Rather than a broad outlook, get down to the details.
“Focus on your sub-audiences, your messaging, your value that you can actually bring to them,” Gritmon said. “Don’t try to be everything to everyone everywhere.”
The change in Facebook’s algorithm has caused businesses to change the way they interact with their audiences. This might alter what “meaningful interaction” means for businesses.
“Meaningful interaction means discussion,” Gritmon said. “You’re inspiring business owners to think, react and engage, rather than just broadcasting and getting a ‘like.’
“Many businesses and publishers feel the deck is now stacked against them,” she said. “It is stacked against those unwilling to put in the work of nurturing their community. Those who do will win.”
When using social media in the marketing funnel, Gritmon says marketers should keep five things in mind when interacting with customers:
One of the best ways to show the world your company’s personality or brand is by talking naturally. Jargon and buzzwords might keep the management happy but won’t help in connecting and maintaining relationships with customers.
Gritmon favors consistency.
“You need to know your voice, your look, your underlying message, in a way that people can see your content and feel what your value is,” she said. “This doesn’t mean everything needs to be the same, just that you need to have an underlying consistency to how you’re presenting your brand.
“Mix up your post content,” Gritmon said. “Figure out how you can convey your brand in visuals, video, audio and text. Figure out key elements that can be common threads throughout different content types.”
Companies will find out what interests their customers by talking and listening to them. Small businesses should do well at this because they are more at ground level than the big corporations.

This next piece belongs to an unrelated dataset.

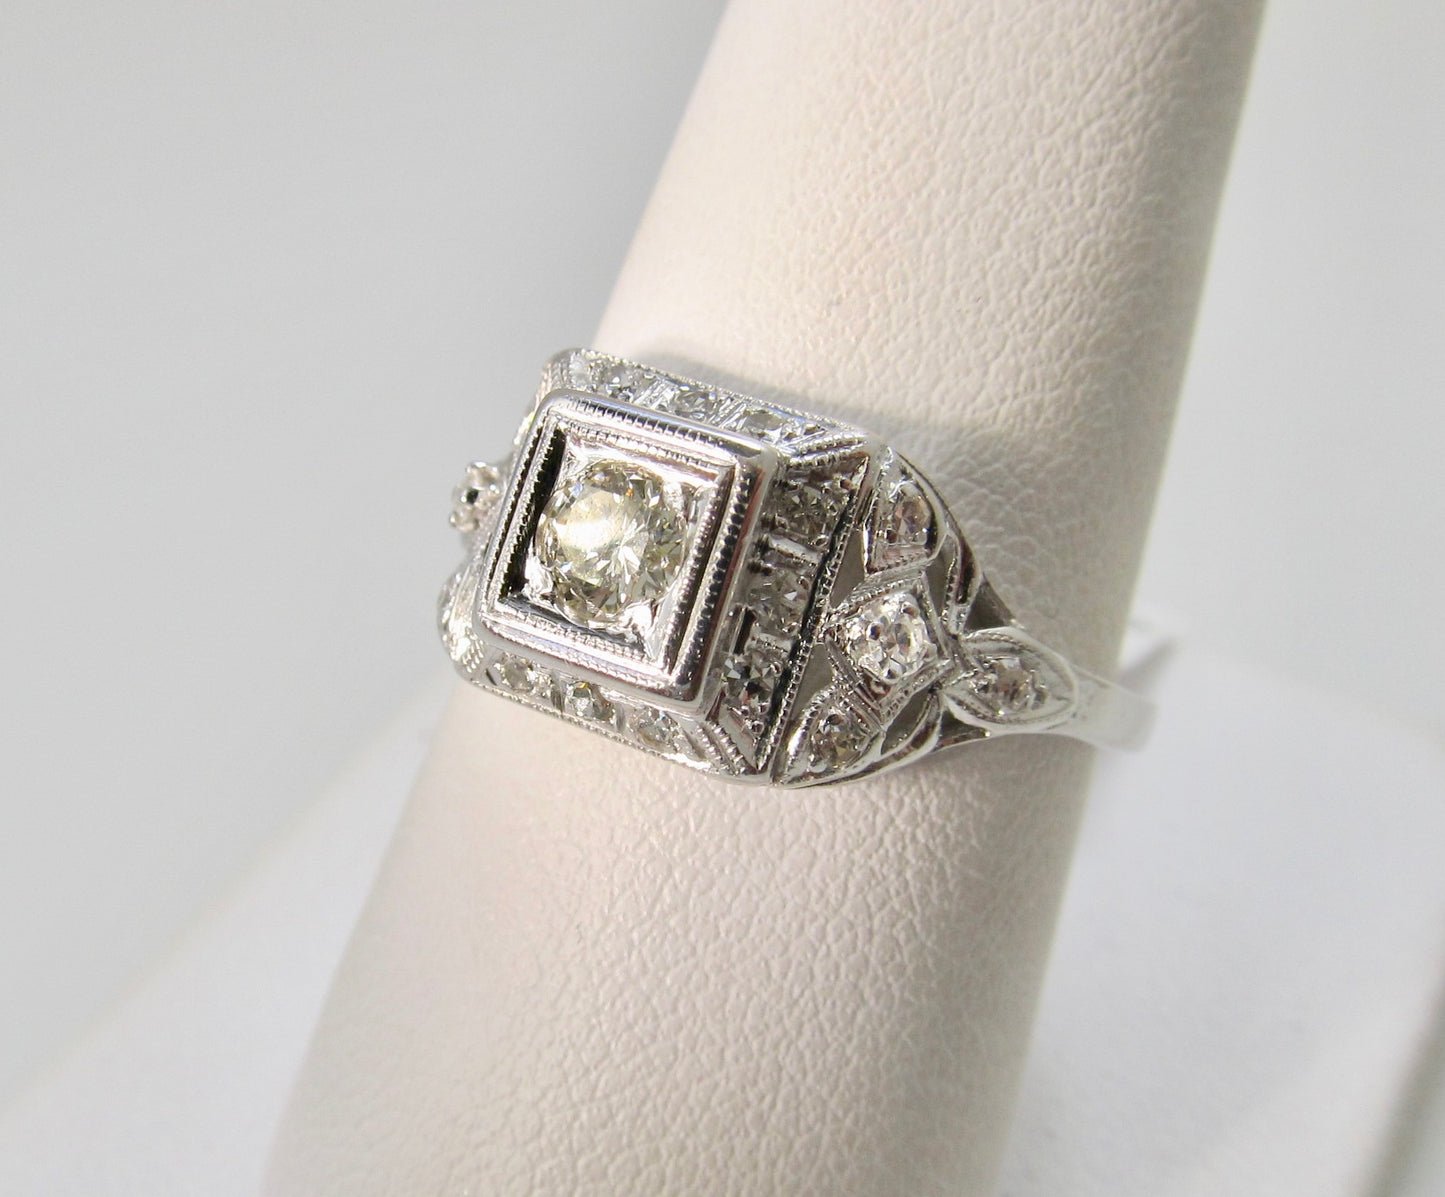 Antique platinum and diamond ring

“Look at what customers are already consuming, talking about and promoting,” Gritmon said. “Determined their existing picture. Then figure out where you can naturally fit into it.
“You can also look at successful competitors, but make sure you’re not duplicating their brand,” she said. “You need to differentiate from them. What makes you a better fit for some people?”
Vanity metrics include the number of followers. You’ll get burned if you rely on quantity over quality, which many influencers learn when Twitter and Facebook clean out the trash.
“I won’t call vanity metrics meaningless – they indicate reach – but they can be misleading,” Gritmon said. “A highly engaged and targeted community of 1,000 actual prospects and customers is more valuable than an audience of 10,000 who just clicked ‘Like’ and tuned out.
“Looking at engagement, conversion — if applicable — and relevancy, those all matter more than the blank monolithic ‘number,’” she said.
Not only beforehand, businesses should consider giving away bonus content after they make a sale. That’s a small price to pay to attract and retain customers.
“Retaining clients – and turning them into promoters – is always going to easier and cheaper than starting over,” Gritmon said. “Give them a token of your gratitude, and you’ll keep that gratitude going.
“Delighting existing customers gets you testimonials,” she said. “People will always trust other consumers more than they trust a marketing message from a business.”